Abstract:
Background. The widely used methods of diagnosis of Toxoplasma gondii are serological. Current reports indicate a high seroprevalence of T.
gondii in humans in Kenya. There is a need for more sensitive diagnostic tests, especially when the specific antibody titres are below detectable
threshold levels. Use of the polymerase chain reaction (PCR) targeting the repetitive 529 base pair loci has been reported to be sensitive and specific.

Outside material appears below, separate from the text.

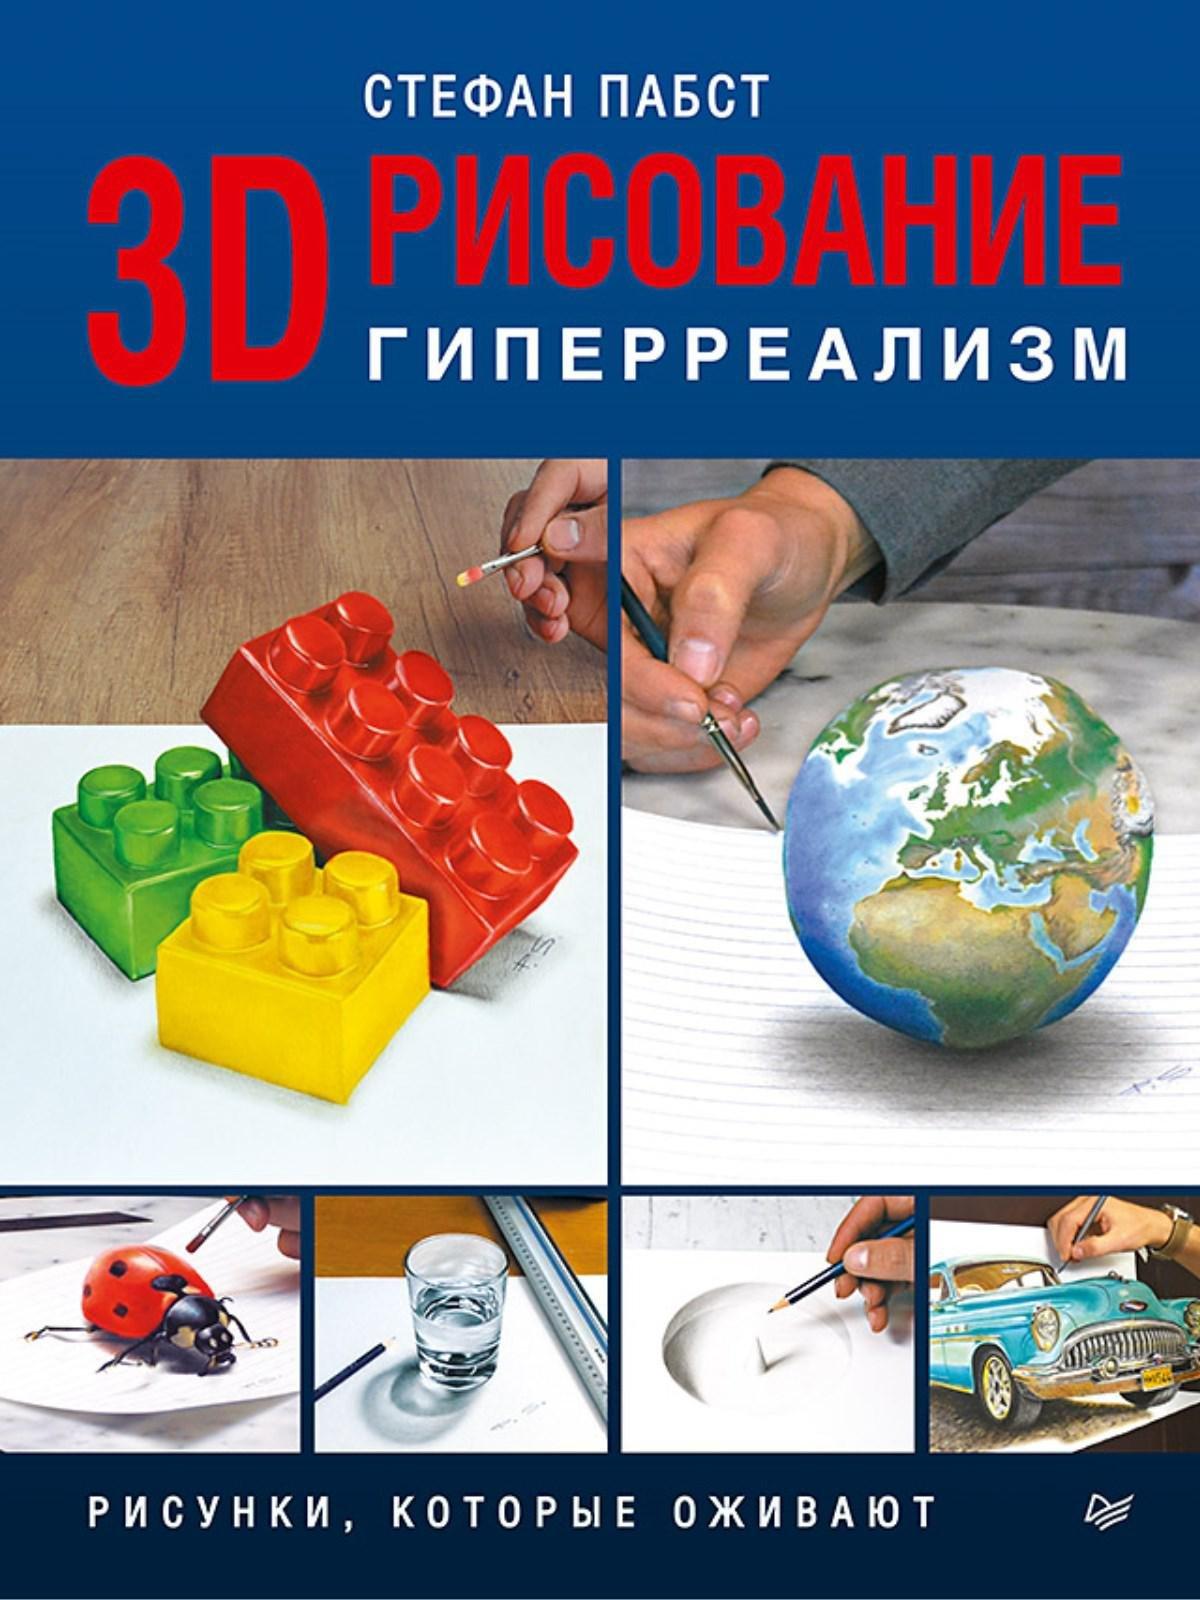 3D-рисование. Гиперреализм Рисунки, которые оживают ( Пабст С  )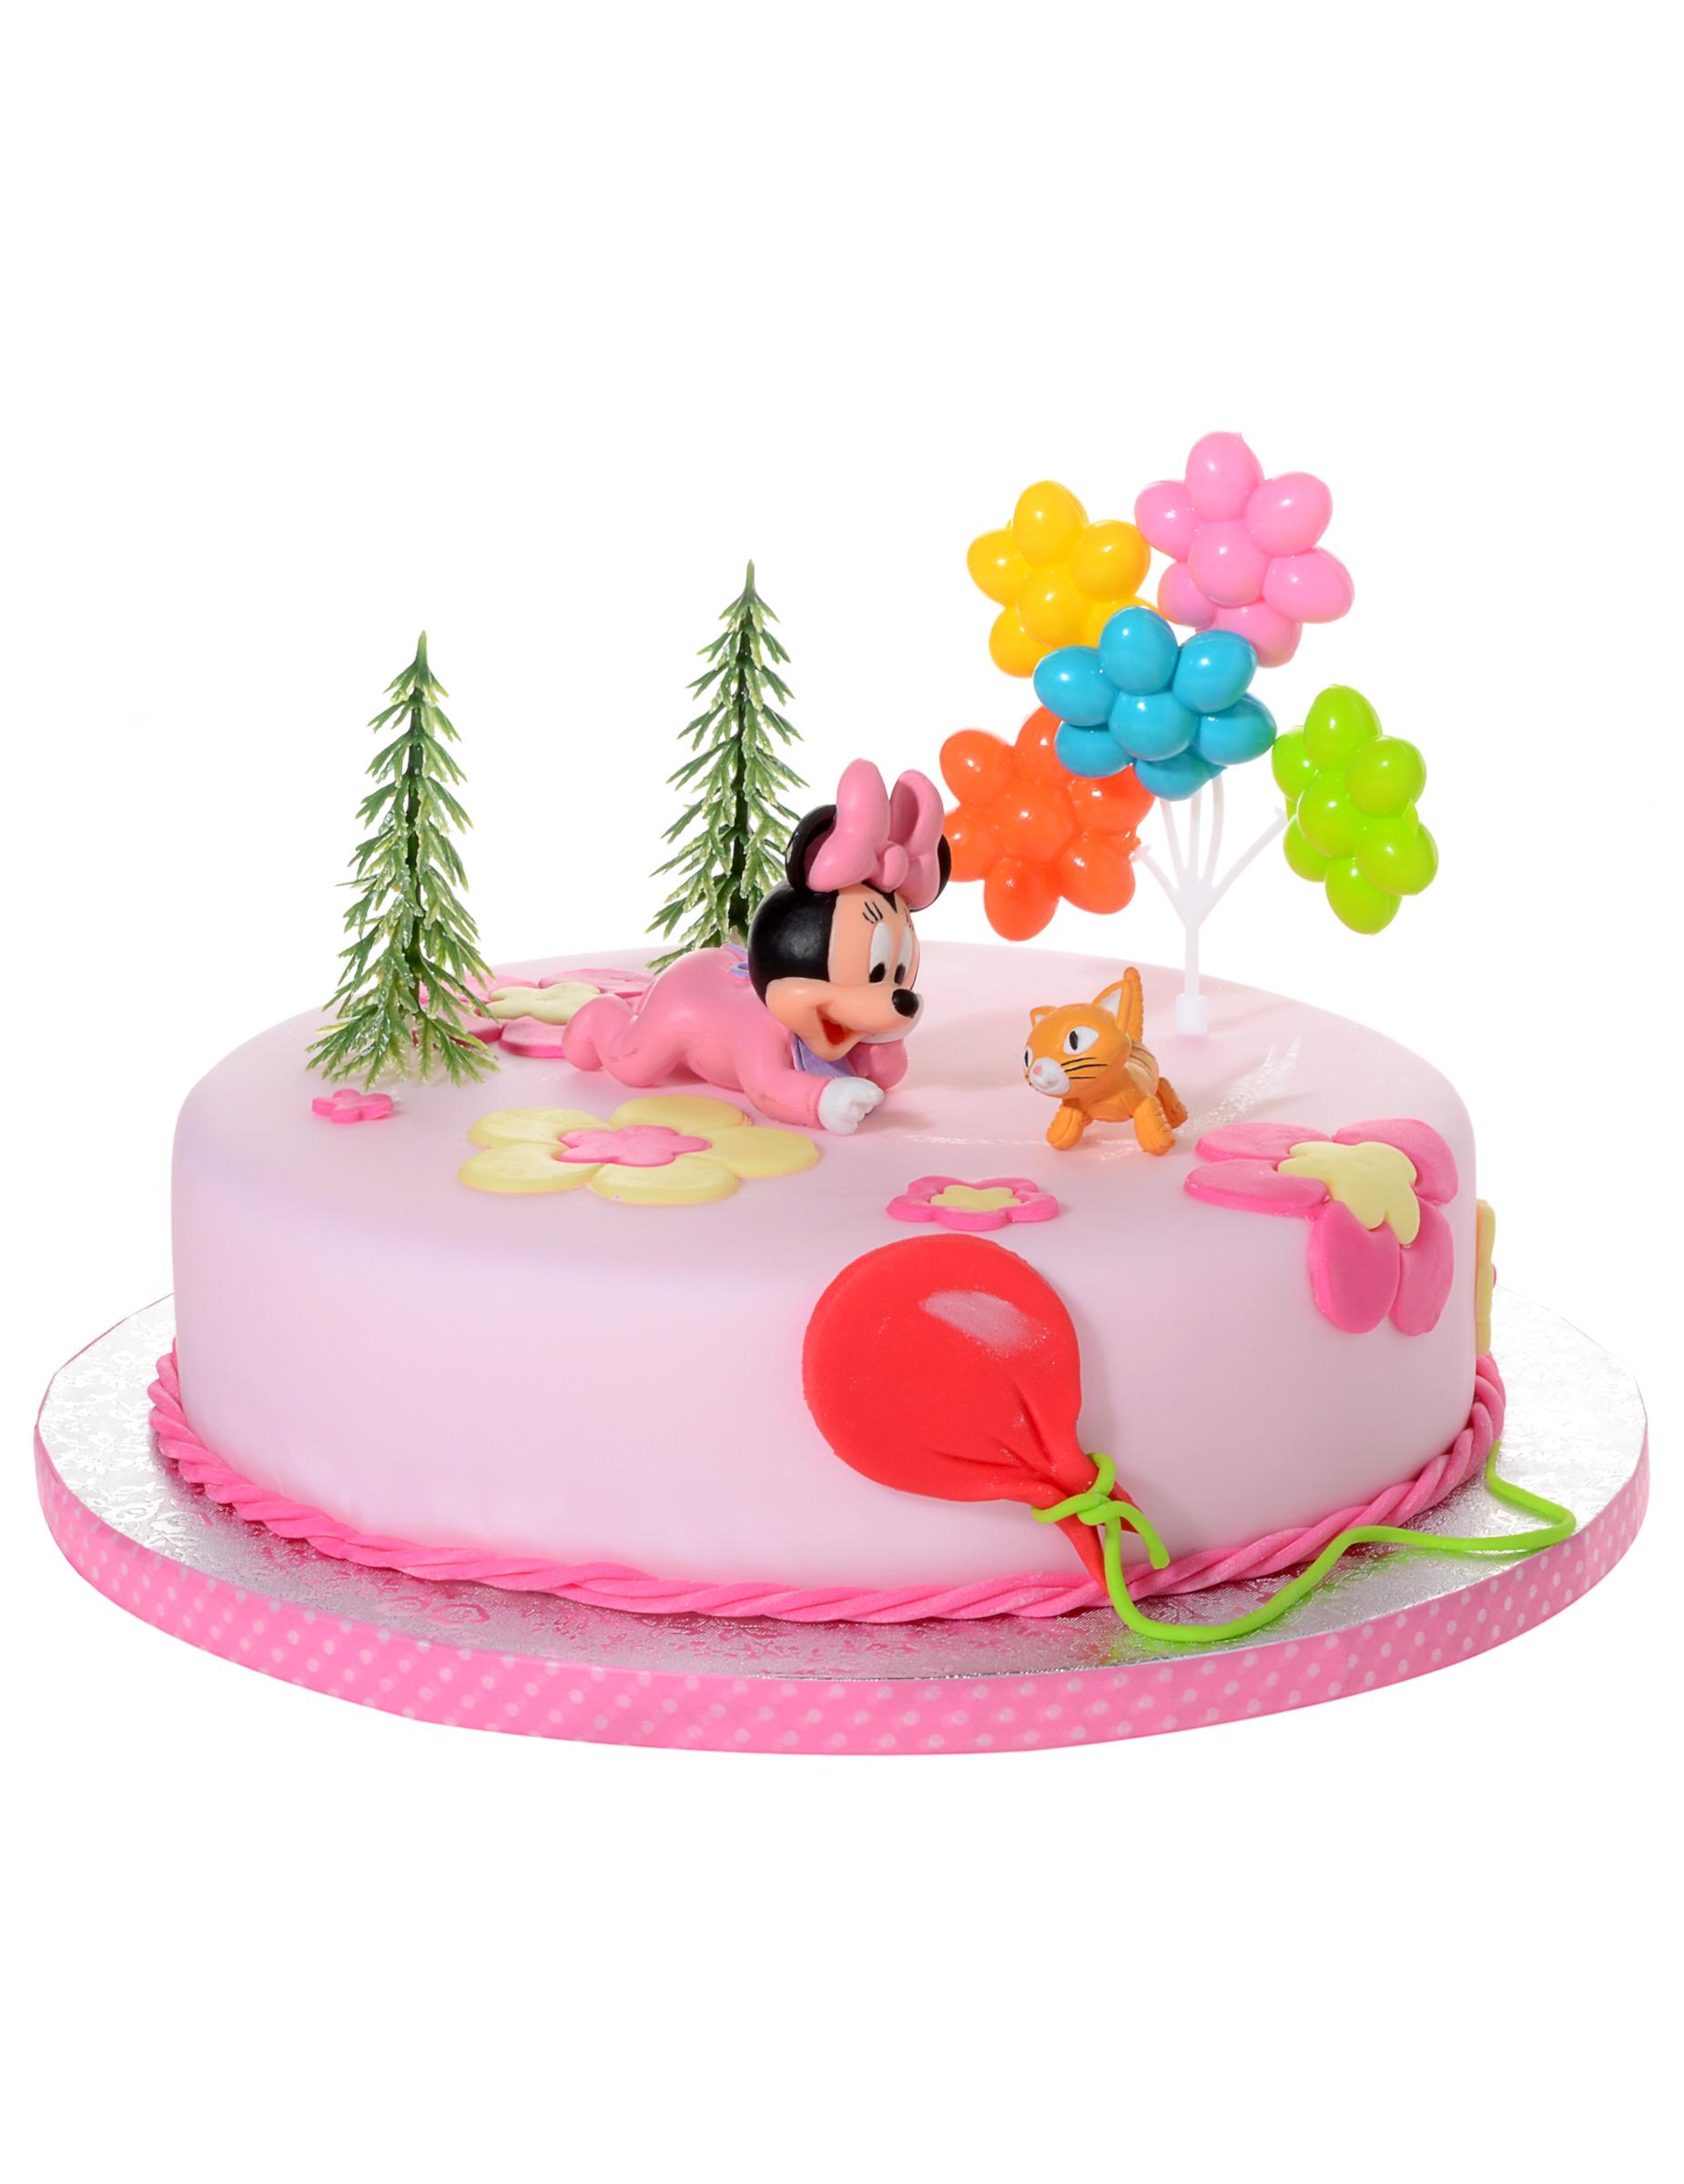 Onwijs Taart decoratie set baby Minnie Mouse™: Decoratie,en goedkope OI-86

Objective. To detect T. gondii in a high-risk group of public health workers in Thika District, Kenya.
Methods. In total, 87 human blood samples were collected from male slaughterhouse workers between 1 March 2013 and 25 June 2013. The
DNA extracted was amplified by the nested PCR.
Results. T. gondii was detected in 39.1% (34/87) of the workers. In the cow-sheep-goat slaughterhouses the prevalence ranged between 20%
and 60%, while all the chicken slaughterhouse workers (6/6, 100%) tested positive. The difference in T. gondii positivity between the workers
in the chicken slaughterhouse and those in the cattle-sheep-goat slaughterhouses was statistically significant (p=0.003).
Conclusion. This study shows the presence of T. gondii in an asymptomatic high-risk group in Thika District, indicating the need for
enhancement of public health awareness.